Re: Analysis of Regular Expressions
by Anonymous Monk on Mar 17, 2010 at 09:09 UTC
Re: Analysis of Regular Expressions
by jffry (Hermit) on Mar 17, 2010 at 20:24 UTC


    • You have access to a large subset of the files that these regular expressions will be used against.
    • OR
    • If these regular expressions are simply being ranked in the abstract, you have some means of constantly accessing a variety of real-life sample files.

    Write a daemon that continuously runs each regular expression against an ever growing list of files. The daemon updates a table, and each row contains 2 columns: the regular expression and the average line count.

    Your output program simply sorts the table on the average line count column. So it is quick in that regard. However, as the daemon runs each regular expression against more and more files, the ranking may change.

    Obviously, newly added regular expressions will have a more volatile rank compared to older ones that have been run against thousands of files. To combat this problem, you could determine a minimum file comparison quantity before the regular expression shows up in the table. For speed, you could have the daemon give priority to newly added regular expressions until their rank stabilizes. In fact, these two points should be configurable as tuning parameter of the daemon.

    What I like about this approach is that it throws all the theoretical junk out the door. Brute force can be ugly, but then again, the map is not the territory, and brute force reveals the territory.

Re: Analysis of Regular Expressions
by rubasov (Friar) on Mar 26, 2010 at 03:21 UTC
    This post is a little late, but I've just came across Regexp::Compare and remembered your OP. Putting aside the theoretical complaints on complexity consider the following code:
    use strict; use warnings; use IPC::Run3; use Regexp::Compare qw( is_less_or_equal ); my @re = ( qr/asdf/, qr/asd/, qr/as/, qr/a/, qr/./, qr/.*/, ); my $stdin = ''; my $stdout = ''; my $stderr = ''; for my $i ( 0 .. $#re ) { for my $j ( 0 .. $#re ) { $stdin .= "$i $j\n" if is_less_or_equal( $re[$i], $re[$j] ); } } # tsort (GNU coreutils) 8.4 run3 [ 'tsort' ], \$stdin, \$stdout, \$stderr; print $stderr; my @idx = split /\s+/, $stdout; print "$_\n" for @re[@idx];

    In the output the most specific regex comes first and the most generic comes last. If you put more than one equivalent regexes into your input then you get a nice warning on loops:

    my @re = ( qw/./, qw/./, qw/.+/, );
    in $stderr: tsort: -: input contains a loop: tsort: 0 tsort: 2 tsort: 1 tsort: -: input contains a loop: tsort: 0 tsort: 2 tsort: -: input contains a loop: tsort: 1 tsort: 2

    I've used topological ordering because the more-specific relation on regexes is not a total ordering (I hope I'm using the correct math terms), however this still guarantees that a more specific item comes earlier therefore you won't get the "false" (more generic) match first.

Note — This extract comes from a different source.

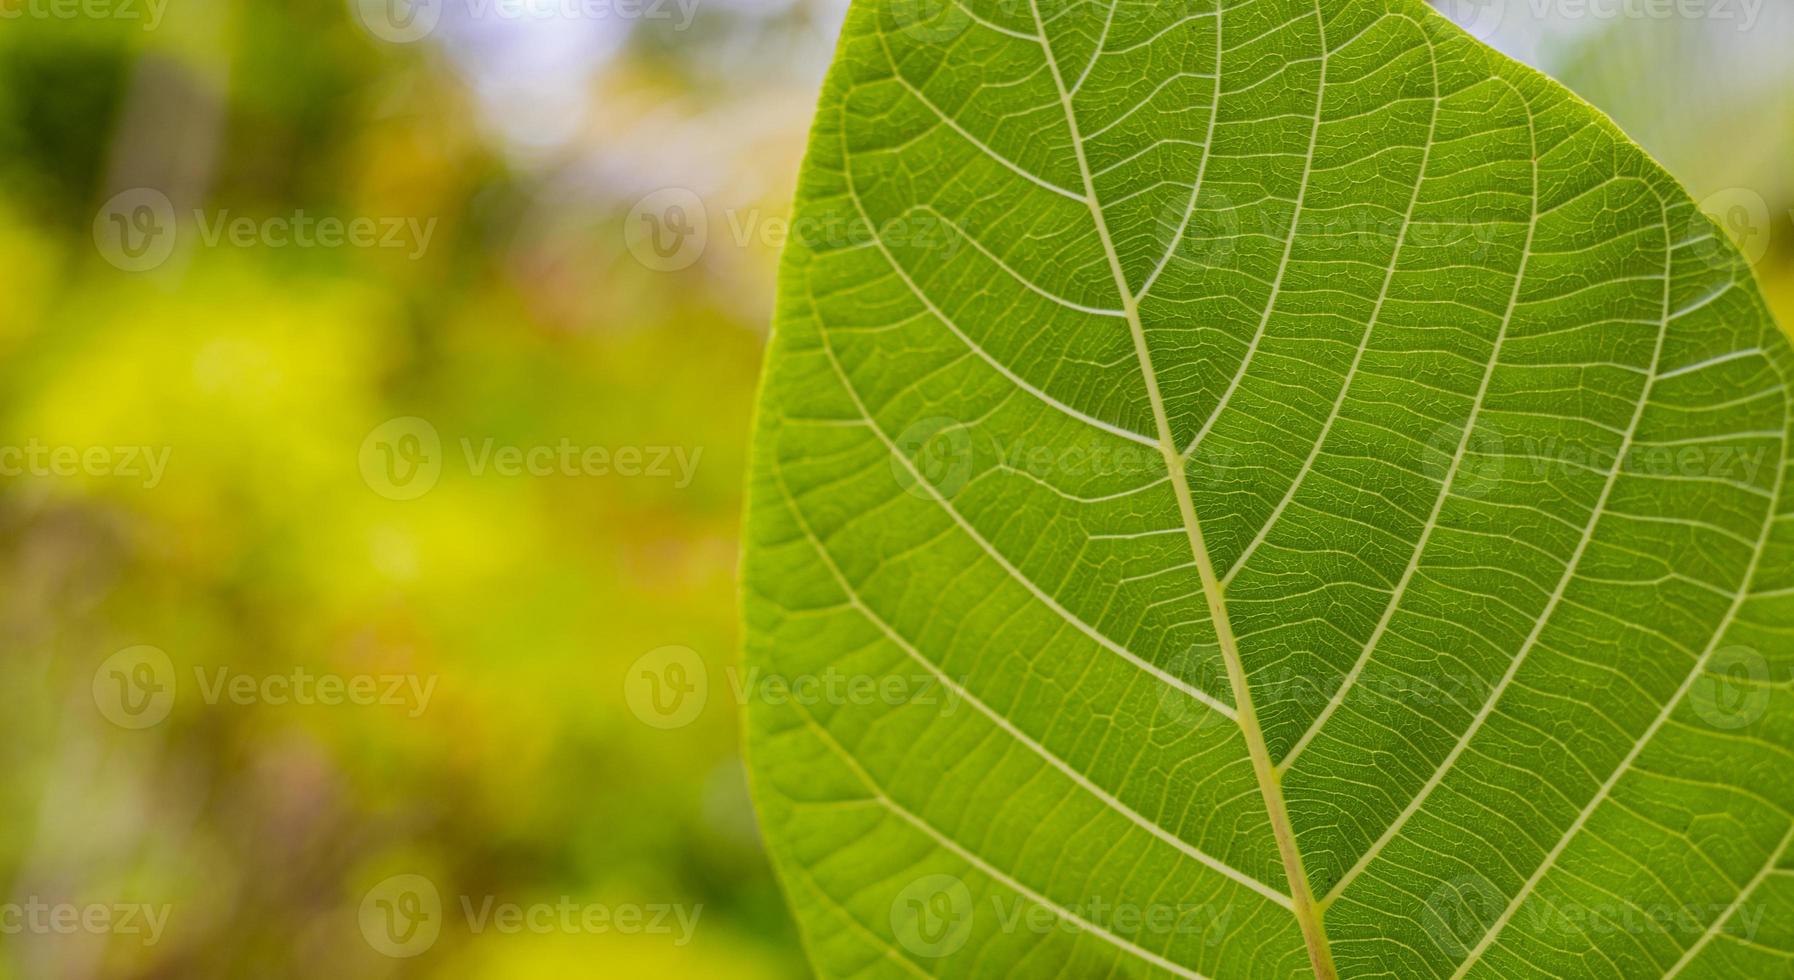 groene blad close-up voor achtergrond. aard van groen blad in de tuin in de zomer. natuurlijke groene bladeren planten gebruiken als lente achtergrond voorblad groen milieu ecologie behang foto

    As a sidenote: while playing with this, I've realized that your sample regexes are a little "dirty". Let's take \AHi and \b(Hi(ya)?|Hello|Greetings)\b for instance. None of these two is more specific than the other, because none of the sets of every possible match is a subset of the other. (Consider the strings His and Foo Hi.)

    Specifically GNU tsort is probably a better choice than Sort::Topological as it does not die on cyclic graphs.

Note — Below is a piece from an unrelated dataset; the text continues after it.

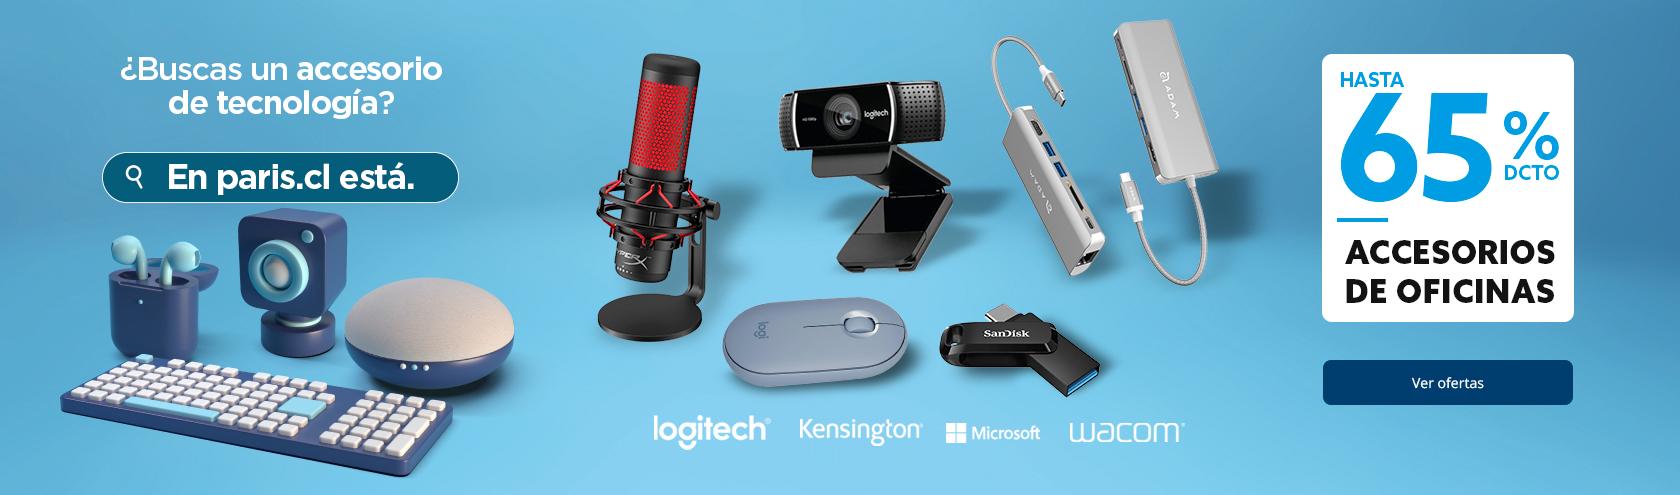 Alexa Echo Dot 3ra Generación, COMPLEMENTOS TECNOLÓGICOS, COMPLEMENTOS  TECNOLÓGICOS, ACCESORIOS, TECNOLOGÍA, ELECTRONICA

    Of course Regexp::Compare uses heuristics, I suppose something along like this:

    hypothesis: $re1 <= $re2 is_less_or_equal( $re1, $re2 ) specific -> $re1 $re2 <- generic if exists $str that $str =~ /$re1/ and $str =~ /$re2/ -> no consequence $str =~ /$re1/ and $str !~ /$re2/ -> falsifies hypothesis $str !~ /$re1/ and $str =~ /$re2/ -> corroborates hypothesis $str !~ /$re1/ and $str !~ /$re2/ -> no consequence
    But I cannot tell how well it performs for real regexes.

    I hope this is useful for you.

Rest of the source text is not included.